Finishing diet formulation fed days 56 to 180
| CON | POS | RPL | |
|---|---|---|---|
| DM, % as fed | 68.4 | 68.2 | 68.2 |
| Ingredient, % DM | |||
| Dry-rolled corn | 50.0 | 50.0 | 50.0 |
| DDGS | 8.0 | 1.3 | 7.56 |
| Corn silage | 16.0 | 16.0 | 16.0 |
| Sweet Brana | 21.0 | 21.0 | 21.0 |
| Amino Plusb | - | 6.7 | - |
| AjiPro-Lc | - | - | 0.44 |
| Microingredient pre-mixd | 5.0 | 5.0 | 5.0 |
| Analyzed compositione, % DM | |||
| Crude protein | 12.8 | 15.2 | 13.5 |
| NDF | 19.1 | 17.0 | 18.7 |
| Ether extract | 4.4 | 7.4 | 5.1 |
| Ala | 0.77 | 0.81 | 0.78 |
| Asp | 0.71 | 0.93 | 0.74 |
| Cys | 0.21 | 0.28 | 0.27 |
| Glu | 1.81 | 2.17 | 1.90 |
| Gly | 0.48 | 0.55 | 0.50 |
| Ile | 0.32 | 0.37 | 0.34 |
| Leu | 1.11 | 1.18 | 1.15 |
| Lys | 0.37 | 0.49 | 0.58 |
| Met | 0.18 | 0.24 | 0.21 |
| Pro | 0.91 | 0.97 | 0.99 |
| Thr | 0.42 | 0.48 | 0.45 |
| Val | 0.45 | 0.50 | 0.48 |
| Calculated NEgf, Mcal/kg | 1.42 | 1.36 | 1.41 |
aBranded wet corn gluten feed (Cargill Corn Milling, Blair, NE).
bTrademarked soybean meal (Ag Processing Inc, Omaha, NE).
cRumen-protected Lys product (Ajinomoto Animal Nutrition North America).
dVitamin and mineral pre-mix provided per kilogram of diet DM: 0.15 mg Co (cobalt carbonate), 10 mg Cu (copper sulfate), 20 mg Mn (manganese sulfate), 0.1 mg Se (sodium selenite), 30 mg Zn (zinc sulfate), 0.5 mg I (calcium iodate), and 2,200 IU vitamin A and 25 IU vitamin E (DSM Nutritional Products, Ames, IA). Provided as a percentage of total diet DM: dried distillers grain (3.04%), limestone (1.50%), salt (0.31%), and Rumensin 90 (0.015%).

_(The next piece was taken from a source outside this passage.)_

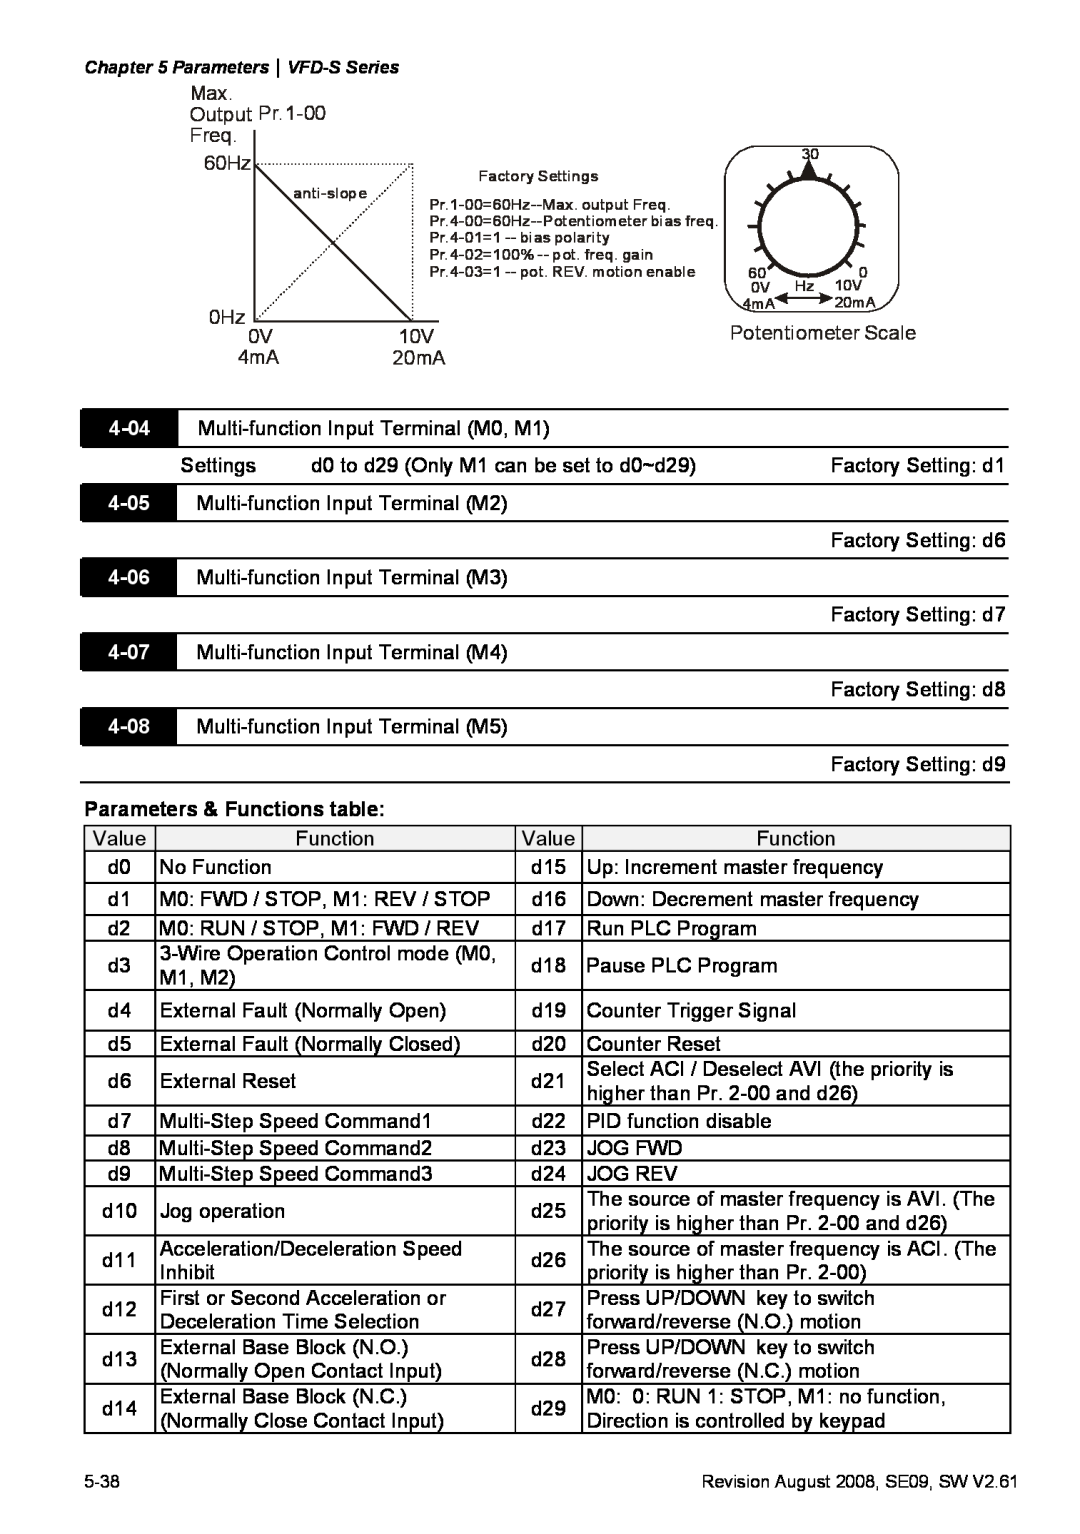 Delta Electronics VFD-S manual 4-06, 4-07, 4-08, Parameters & Functions table

eFrom Dairyland, Inc. (Arcadia, WI) TMR analysis.
fCalulated using NEg values of feedstuffs from Nutrient Requirements of Beef Cattle (NASEM, 2016).
Sample Collection and Analysis
Ingredients and diets were sampled weekly and analyzed for dry matter (DM) content by placing samples in a 70 °C forced-air oven for 48 h until all moisture was evaporated. Composites were created and sent to Dairyland Laboratories (Arcadia, WI) for nutrient composition (methods 990.03 and 920.39; AOAC, 1996) and amino acid profiling (Gehrke et al., 1985; Elkin and Griffith, 1985). Ingredients were individually composited for the entirety of the trial. Total mixed rations were composited by diet for growing and finishing. All composites were made using frozen samples that had not been dried.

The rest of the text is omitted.